Из села я выбрался никем не замеченный, шмыгнул в тугаи и немедленно вскинул «зауэр» на плечо. Пират уже шарил по зарослям, повизгивая от нетерпения. Я шел берегом речки, пушистые метелки камыша трепетно подрагивали на ветру. То и дело мне мерещились взлетающие фазаны, утки, я вскидывал ружье, целился в камышовые метелки и с трудом сдерживал себя, чтобы не нажать курок. В те минуты я был уверен, что никому не будет спасения от «зауэра».
Наконец я подошел к тому месту, где зимой фазаны были всегда, называлось оно — сады Барата-ходжи.

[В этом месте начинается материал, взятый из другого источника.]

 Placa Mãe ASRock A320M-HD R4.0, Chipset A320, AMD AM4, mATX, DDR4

Действительно, тут был заброшенный сад, теперь он сплошь зарос лохом, диким урюком. Почти все яблони зачахли; как мистаны — сказочные старухи ведьмы — они тянули к небу сухие ветви-руки и, казалось, молились, просили что-то у солнца и ветра. Говорят, когда-то здесь росли цветы редкой красоты, а веснами крыши глинобитных домов, теперь развалившихся, сплошь покрывались яблоневыми лепестками. В этом саду раньше проходили свадьбы и пиры. Здесь благочестивый Барат-ходжа, совершивший хадж дважды, принимал гостей со своей древней родины — Кашгарии и Турфана, Кумула и Кучар. Там он был богат и известен, из Кашгарии караваны арбакешей Барата-ходжи ходили в Ташкент и Хиву… Но что-то заставило его перебраться сюда, в Баяндай. А теперь и здесь зачахло и истлело все, что принадлежало ходже, глинобитные строения давно сдались ветру, солнцу, а яблони тоже не могли устоять перед дикими деревьями и медленно умирали, роняя последний пустоцвет.

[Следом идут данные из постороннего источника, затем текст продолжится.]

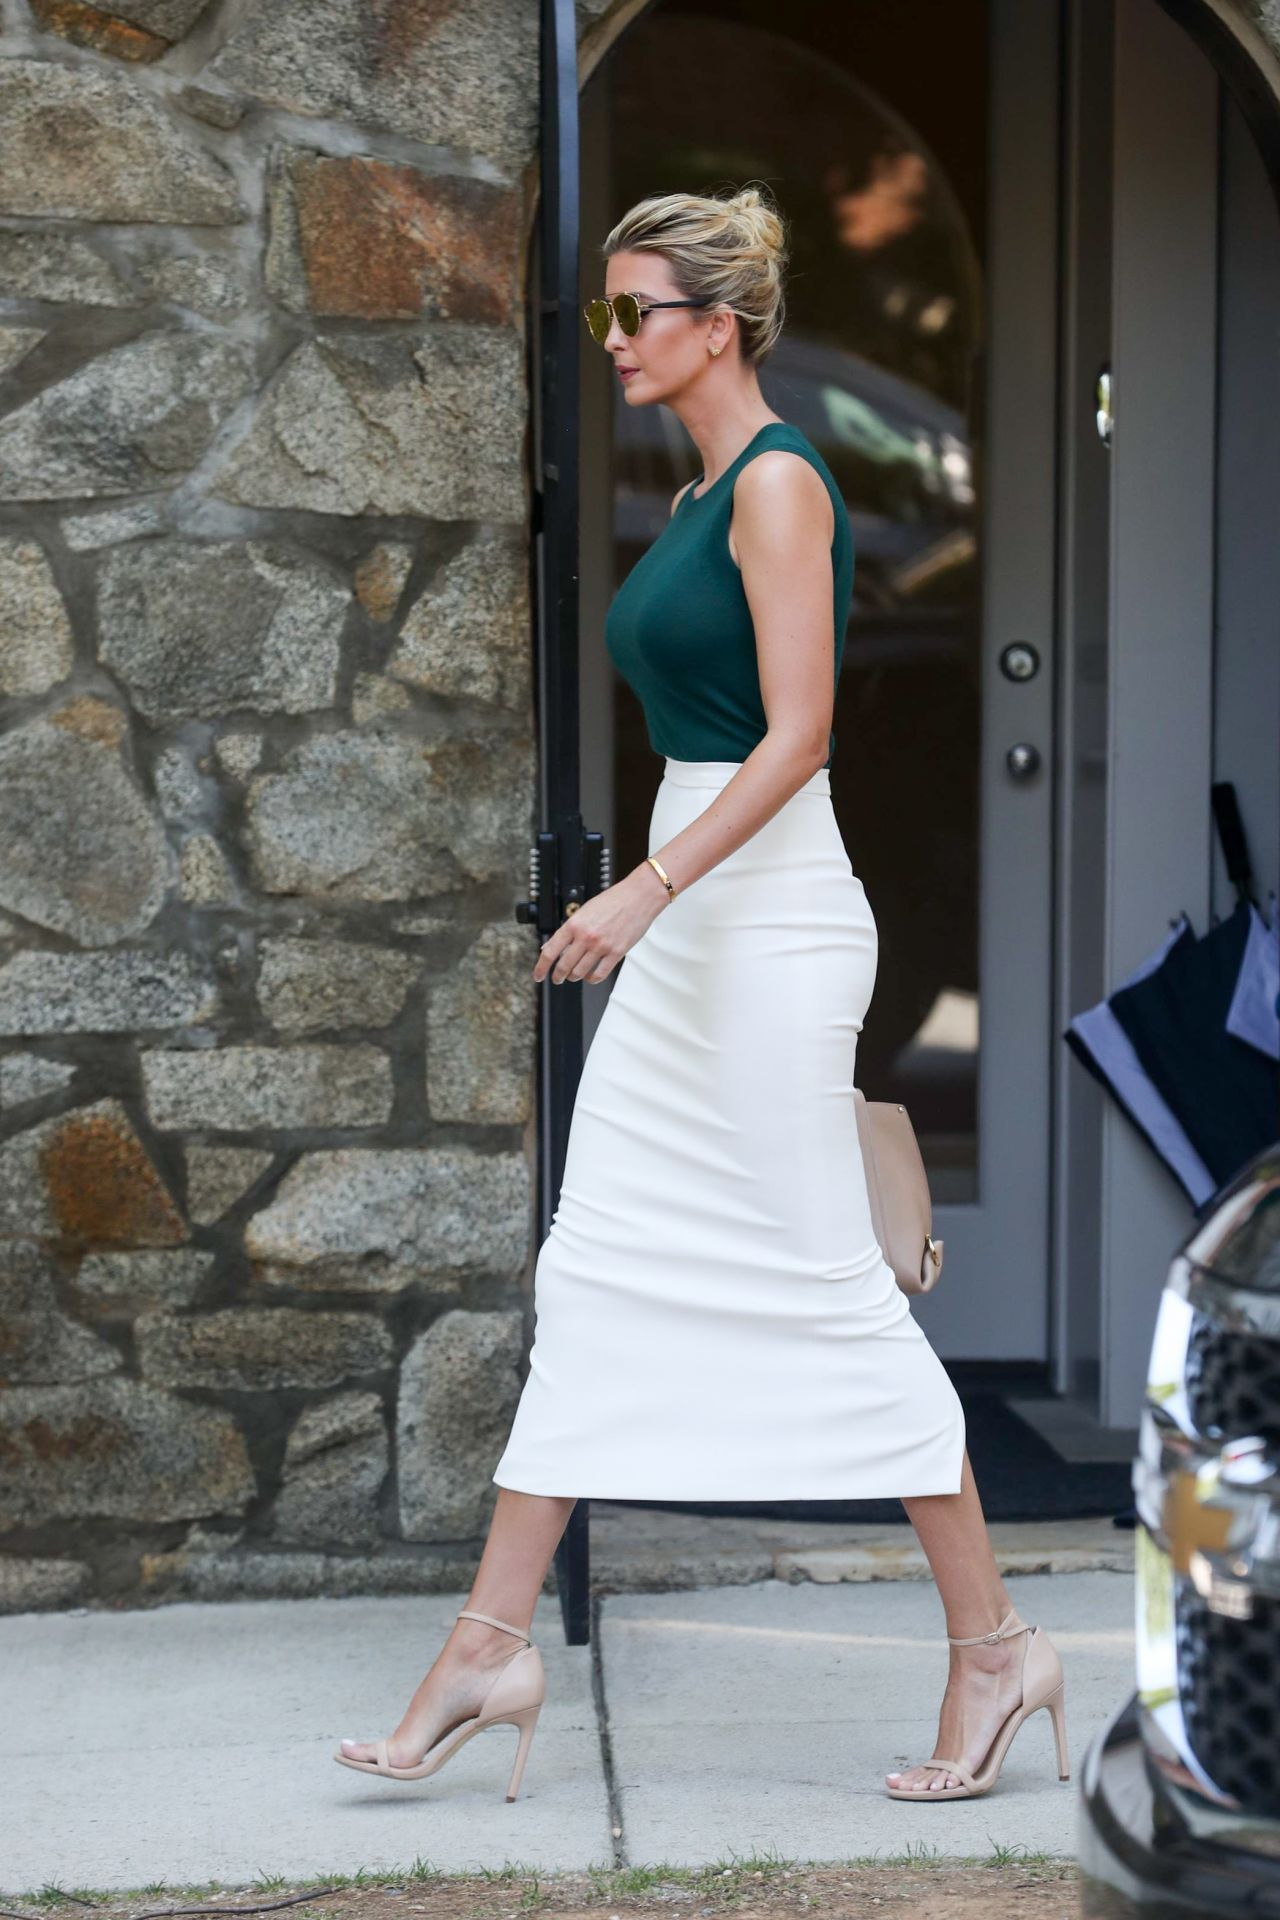 Ivanka Trump Heads To Work In Washington D C 08 01 2017

Я думал об этом, стоя посреди сада, и совсем забыл о существовании уток и фазанов. Из этого состояния меня вывел жалкий визг Пирата: наша смелая охотничья собака, не раз бывавшая в опасных передрягах, была чем-то напугана!.. Визг доносился примерно оттуда, где когда-то стояла водяная мельница. Там, на месте омута, была большая яма, заросшая полынью. Я замер, прислушиваясь к всхлипываниям Пирата, а визг быстро удалялся — Пират убегал!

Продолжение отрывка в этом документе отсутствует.